This is a collection of scripts that accompany our paper: "The Birth of Collective Memories: Analyzing Emerging Entities
in Text Streams".
These scripts enable you to recreate the "FAKBAT
" dataset from the paper (i.e., FAKBA1 with "entity age timestamps").
My apologies for the current state/lack of documentations of these scripts, they are currently very 'academic.' However, I did run through them to clean them up a bit, and the process shouldn't be too complex to follow. I'll likely do a clean-up soon.
If you use the dataset, please kindly cite:
@article {ASI:ASI24004,
author = {Graus, David and Odijk, Daan and de Rijke, Maarten},
title = {The birth of collective memories: Analyzing emerging entities in text streams},
journal = {Journal of the Association for Information Science and Technology},
issn = {2330-1643},
url = {http://dx.doi.org/10.1002/asi.24004},
doi = {10.1002/asi.24004},
year={2018}
}
- Python 2.7
dateutil
- Freebase Annotations for the TREC KBA 2014 StreamCorpus: FAKBA1 (~200GB)
- DBpedia to Wikipedia ID-mappings: page_ids_en.ttl (~170MB)
- DBpedia to Freebase MID-mappings: freebase_links_en.ttl (~80MB)
- Wikipedia Meta history (for extracting page creation dates): enwiki-latest-stub-meta-history.xml (50+ GB)

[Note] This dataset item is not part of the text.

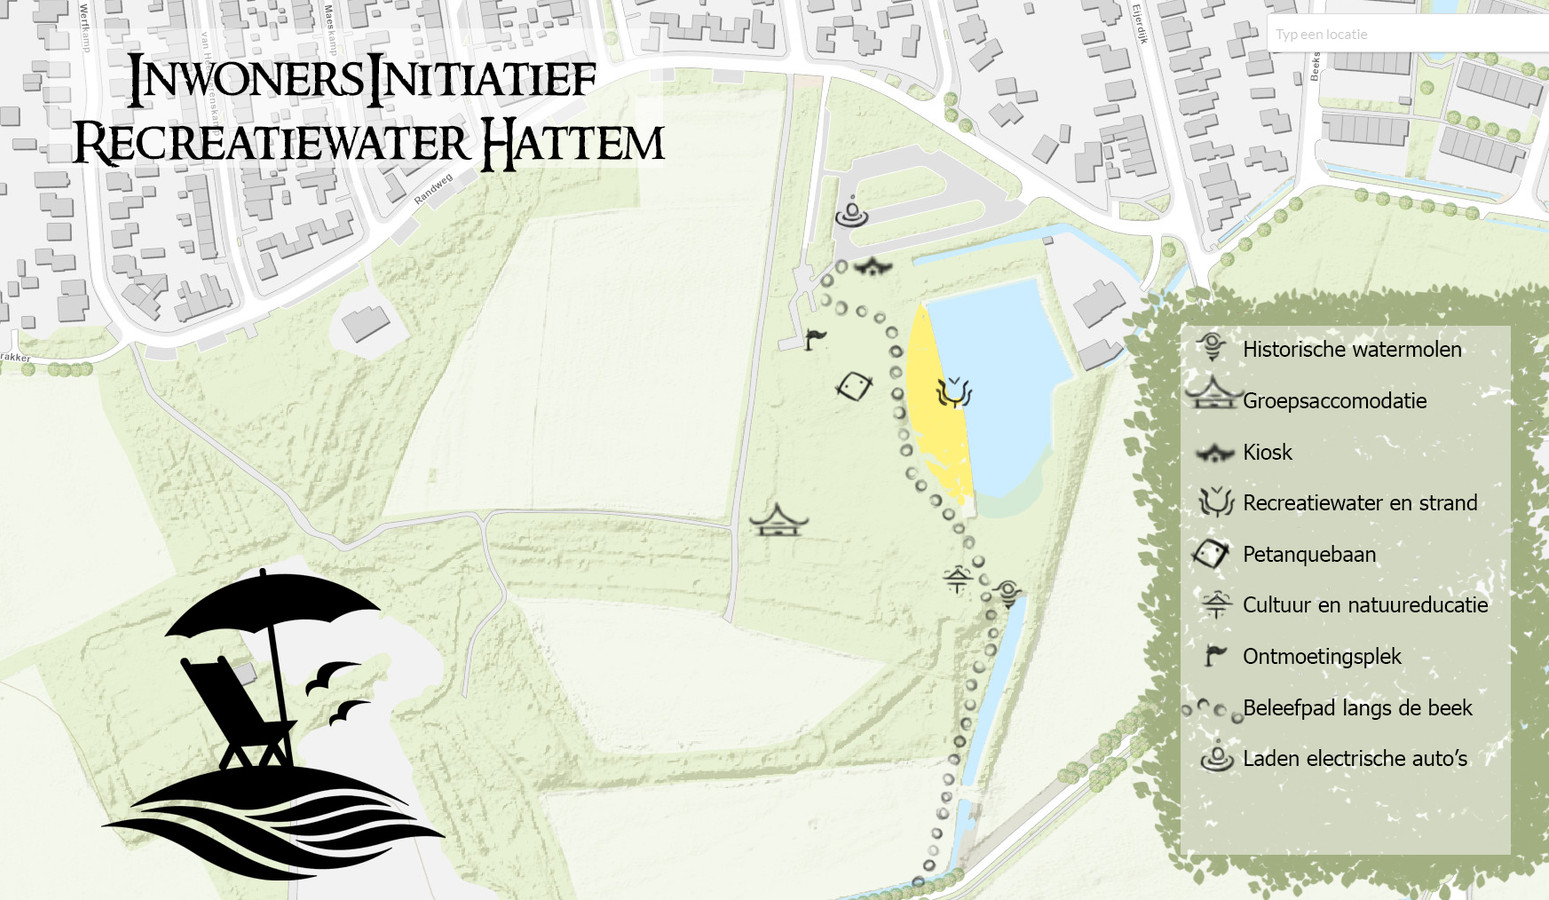 Het Inwonersinitiatief Recreatiewater Hattem heeft al een plan, maar dat moet op alle fronten nog wel concreet worden uitgewerkt.
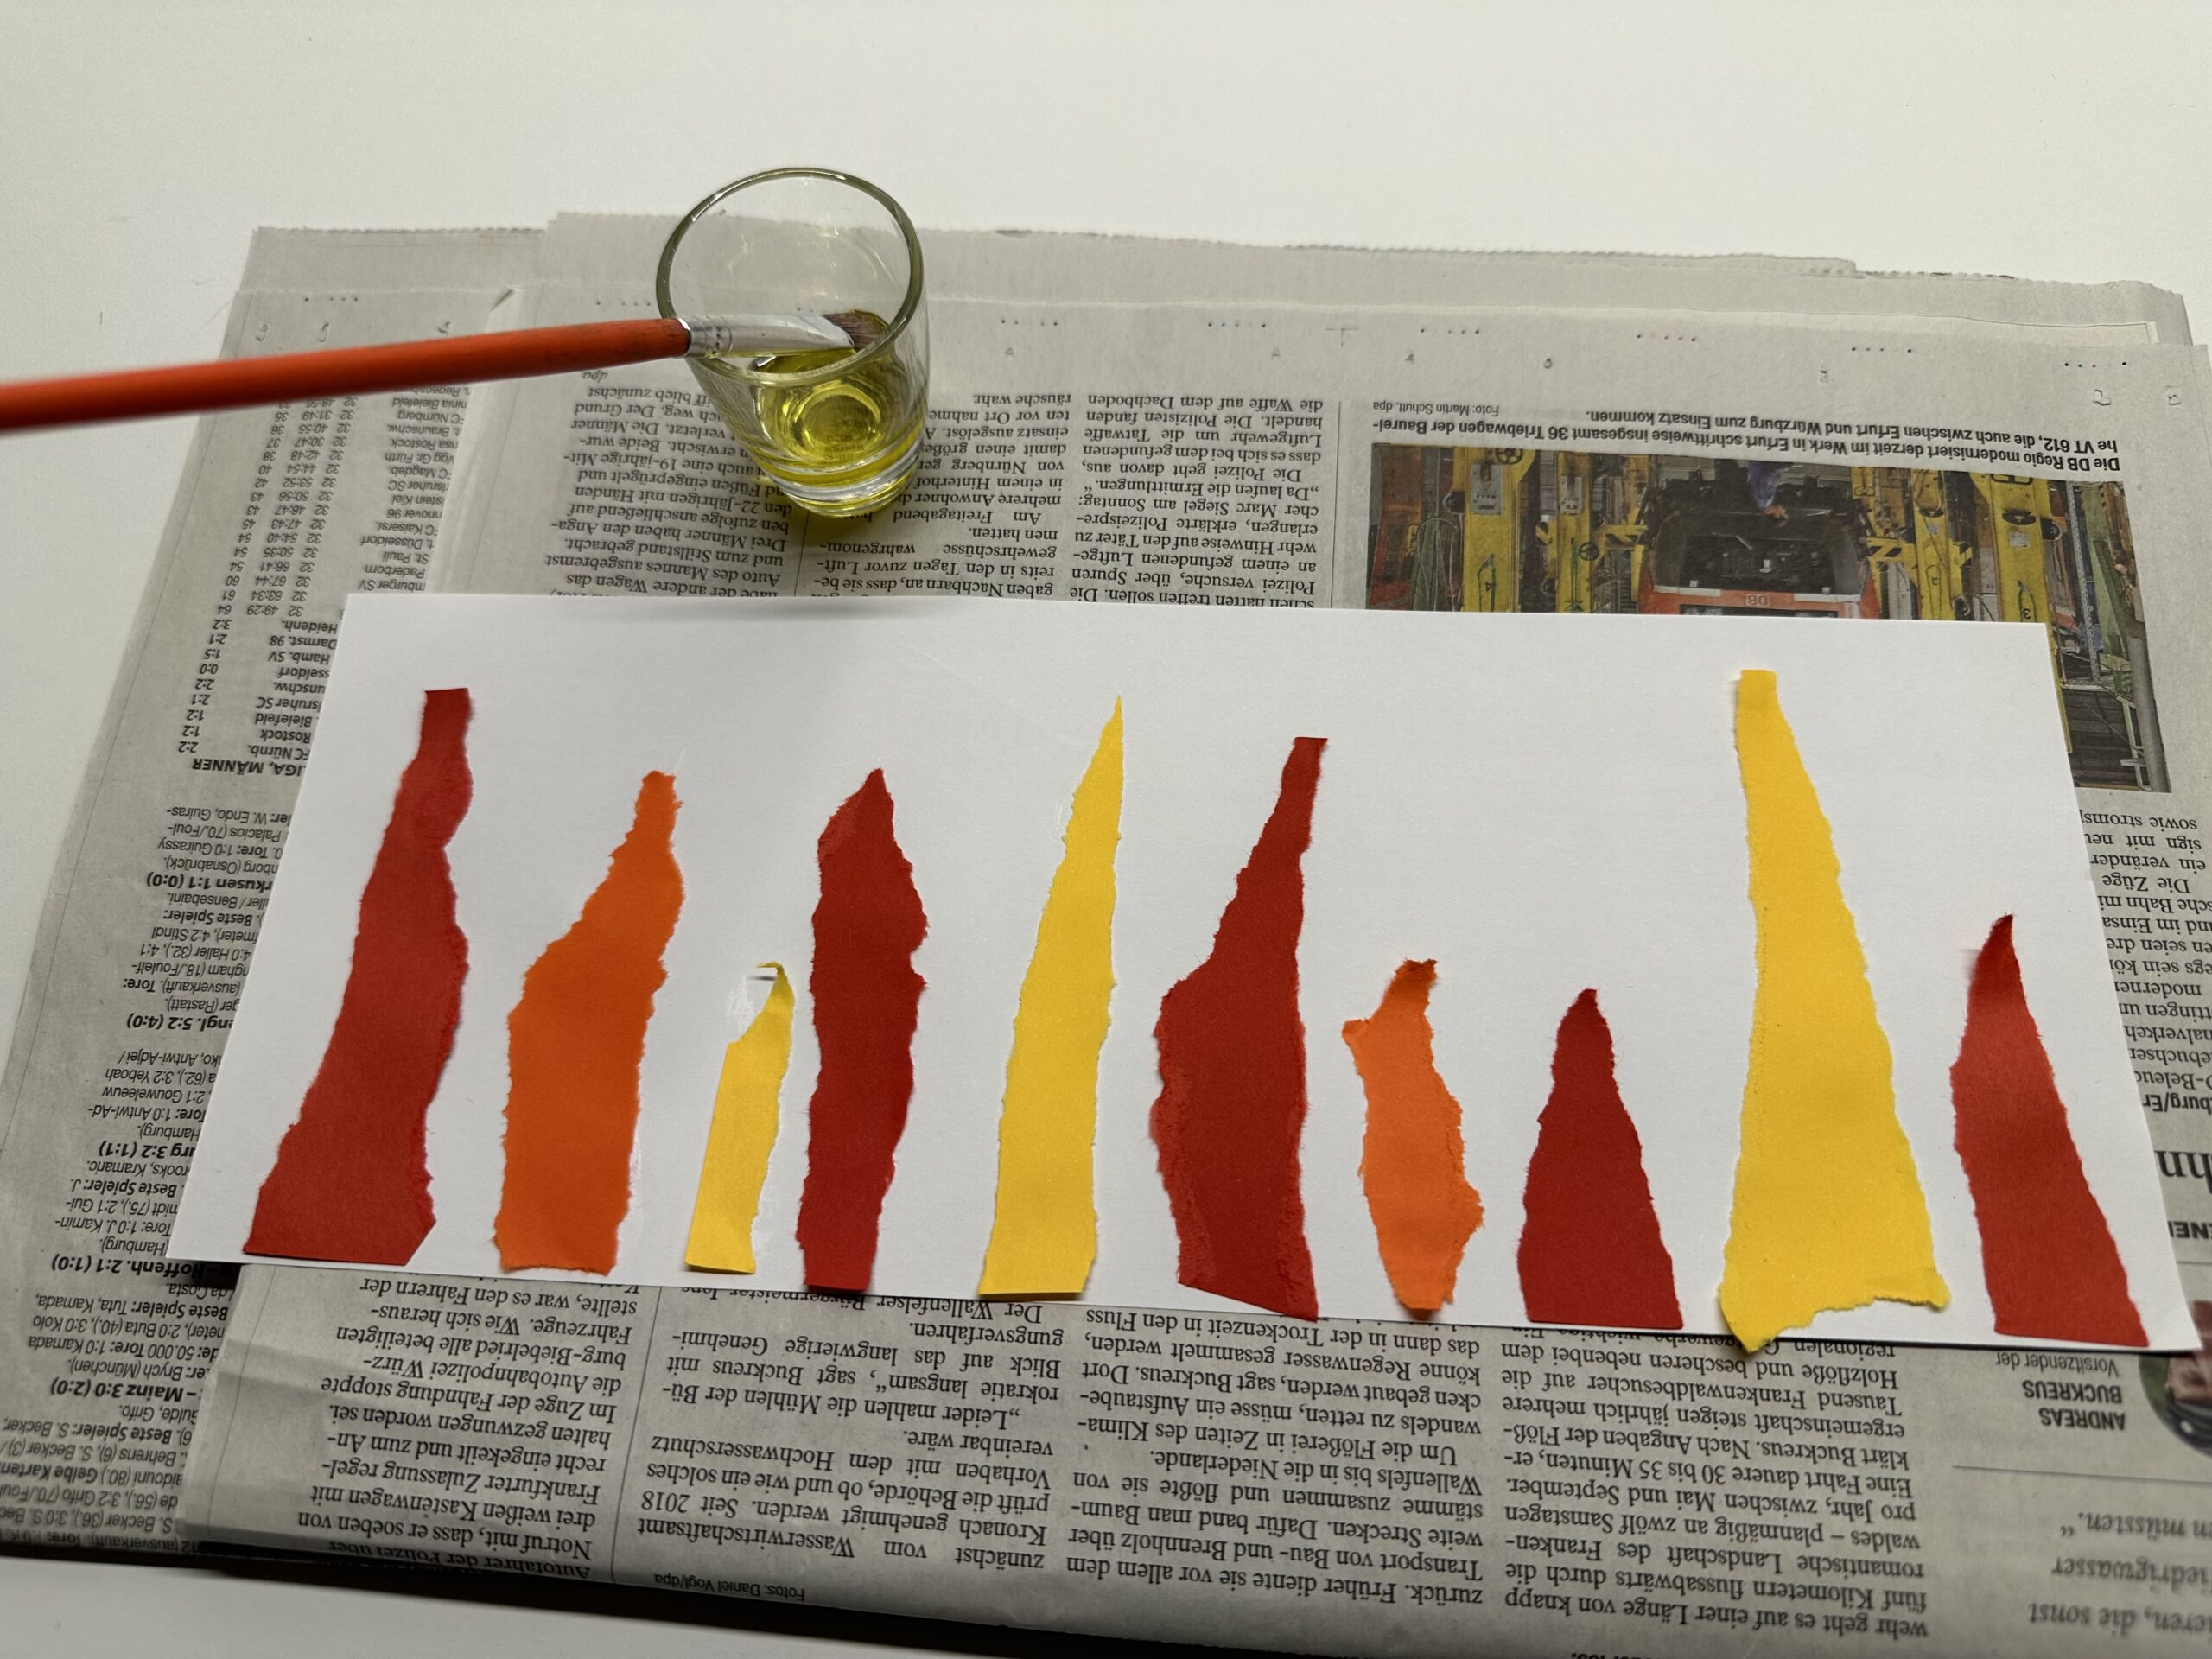 Bild zum Schritt 10 für das Bastel- und DIY-Abenteuer für Kinder: 'Legt das Flammenbild auf ein doppelt gelegtes Zeitungspapier. Stellt ein...'

./0_parse_FAKBA.py <location of FAKBA1 files>
do a single pass through FAKBA1, collect (+count) all Freebase MIDs in FAKBA1;./1_Wiki2Freebase.py
: Generate mappings from Wikipedia IDs to Freebase MIDs (filtered with the MIDs yielded by the previous step);./2_extract_WikiTimestamps.py
: Pass through Wikipedia Meta Stub file, output Freebase MID to timestamp-mappings;./3_create_fakbat.py
: Pass through FAKBA1 file-by-file, add entity 'age' column.
It is not absolutely necessary to first pass through FAKBA1 just to get counts. It is also easy to parallelize.